Sweet Morning Mimosa Samen gibt es in Packs mit 3, 5 oder 10 Seeds. Drei Samen reichen völlig, wenn du in einem kleinen Zelt für den Eigenbedarf anbaust — die Keimrate ist zuverlässig, du brauchst keine Reserve. Der 5er-Pack lohnt sich, wenn du ein bisschen Phänotypen-Selektion betreiben willst, ohne gleich zehn Pflanzen durchzuziehen. Den 10er-Pack bestellst du am besten, wenn du einen größeren Raum bestücken oder ein paar Seeds an Freunde weitergeben willst.
Hinter Sweet Morning Mimosa steckt die direkte Kreuzung zweier Zitrus-Schwergewichte. Clementine liefert den scharfen, zestigen Limonengehalt und eine sativadominante Wuchsform. Early Orange bringt eine kürzere Blütezeit, kompakten Wuchs und die weicheren floralen Noten mit, die vom höheren Linaloolanteil herrühren. Das Ergebnis: ein Hybrid, der in der Wirkung leicht Richtung Sativa tendiert, aber mit der handlichen Statur einer Indica wächst — eine Kombination, die ihn zu einer der einfacheren Zitrussorten für den Indooranbau macht.

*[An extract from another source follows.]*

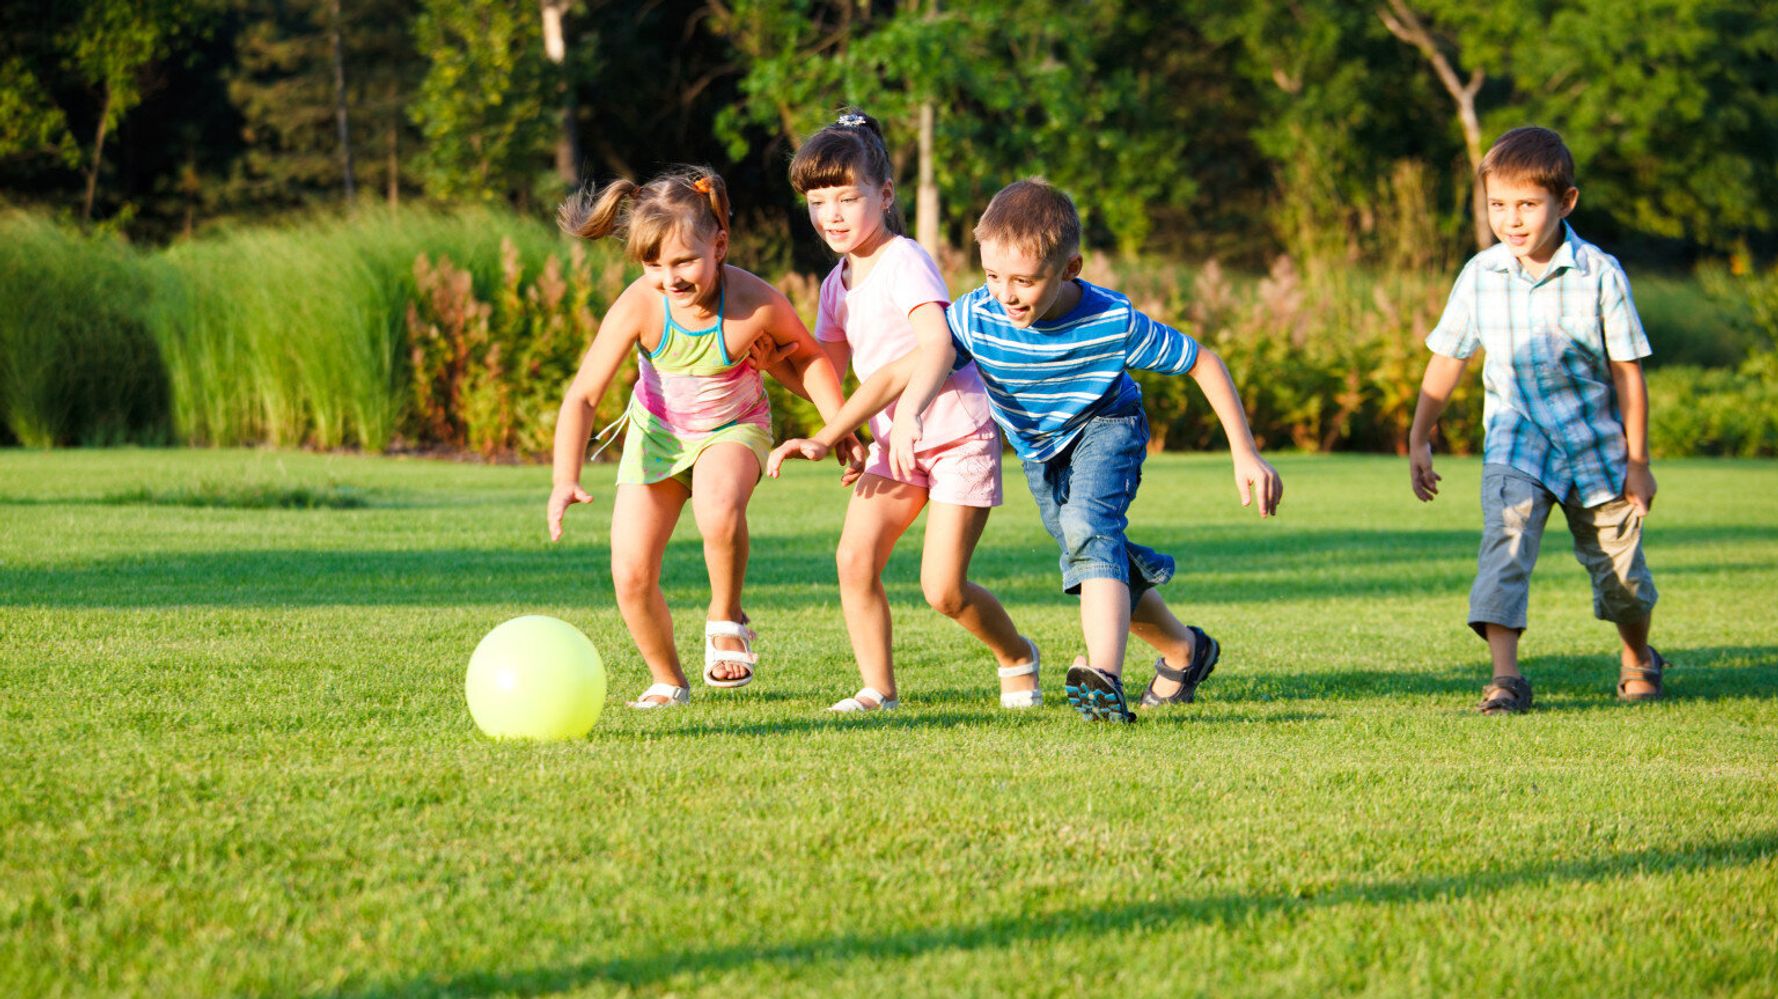 Let the Children Play! - Why Children Should Be Playing Outside This

Tical Genetics hat diese Linie gezielt auf Bag Appeal, Geschmack und Zugänglichkeit gezüchtet. Wir haben über die Jahre etliche Zitruskreuzungen gesehen. Die Sorten, die sich dauerhaft halten, teilen zwei Eigenschaften: Sie riechen unglaublich gut und sie machen beim Anbau keinen Stress. Sweet Morning Mimosa erfüllt beides.

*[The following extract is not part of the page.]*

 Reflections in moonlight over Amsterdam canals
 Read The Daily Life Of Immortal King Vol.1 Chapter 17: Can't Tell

Hier verdient sich Sweet Morning Mimosa ihren Namen. Wenn du ein ausgehärtetes Glas öffnest, trifft dich helle Zitruszeste — Mandarinenschale und frisch gepresster Orangensaft — über einer Schicht aus weicher Orangenblüte und blumiger Süße, die das Aroma abrundet. Dominant sind Limonen (der scharfe Zitrusbiss) und Linalool (die lavendelartige florale Ruhe). Zusammen entsteht etwas, das weniger nach einer typischen Cannabissorte riecht und mehr nach einem aufwendigen Brunch-Drink.
Beim Einatmen kommt die Zitrusnote sauber und klar durch. Beim Ausatmen zeigen sich die floralen Komponenten — eine sanfte, fast parfümierte Süße, die nachklingt. Falls du schon mal Clementine angebaut hast: Stell dir dasselbe zestige Profil vor, aber mit einem weicheren, runderen Abgang. Ganz ehrlich, es ist eine der angenehmsten Sorten, die du zum Trocknen im Zelt hängen haben kannst. Deine komplette Wohnung riecht eine Woche lang wie ein Orangenhain.

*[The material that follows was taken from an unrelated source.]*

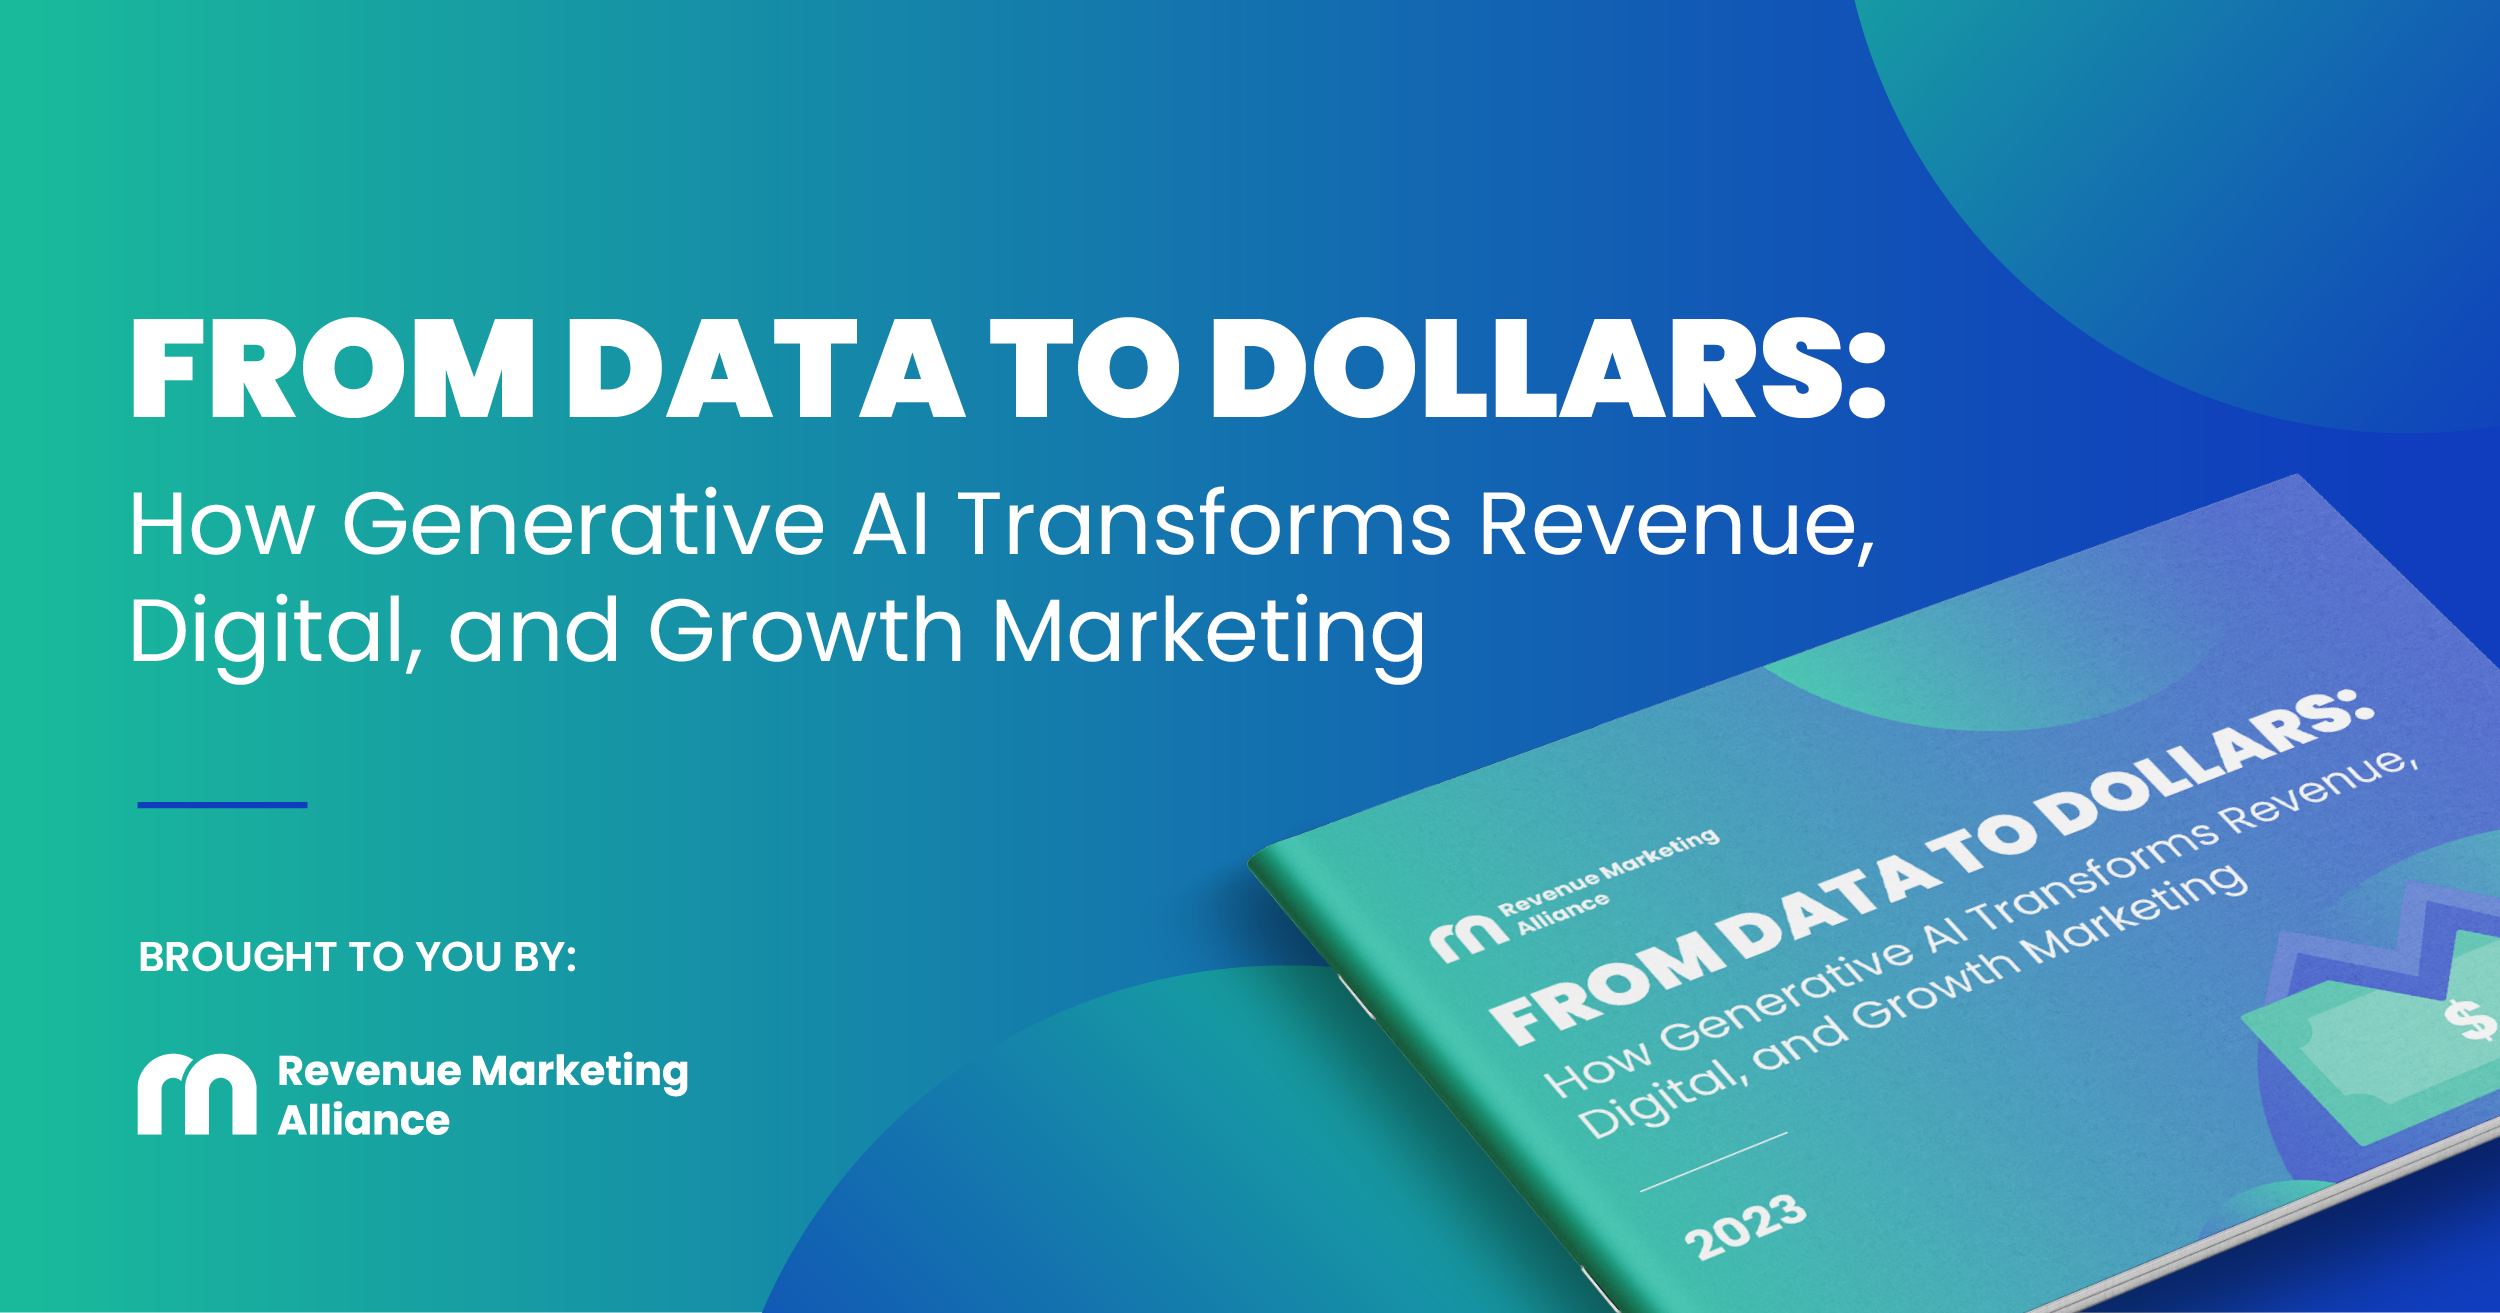 From data to dollars: How generative AI transforms revenue, digital, and growth marketing.

Sweet Morning Mimosa ist eine fehlerverzeihende Sorte — wir würden sie als soliden ersten oder zweiten Grow empfehlen, wenn du schon mal ein einfaches Zeltsetup bedient hast. Die Pflanzen bleiben kompakt, der Stretch ist moderat und endet spätestens Ende der dritten Blütewoche. Du wirst also nicht um Kopffreiheit in einem 1,2-Meter-Growzelt kämpfen müssen. Die Colas werden lang und dicht — richtig klobige Stangen — und die offene Pflanzenstruktur sorgt dafür, dass der Trimm-Tag so schmerzfrei ausfällt wie selten.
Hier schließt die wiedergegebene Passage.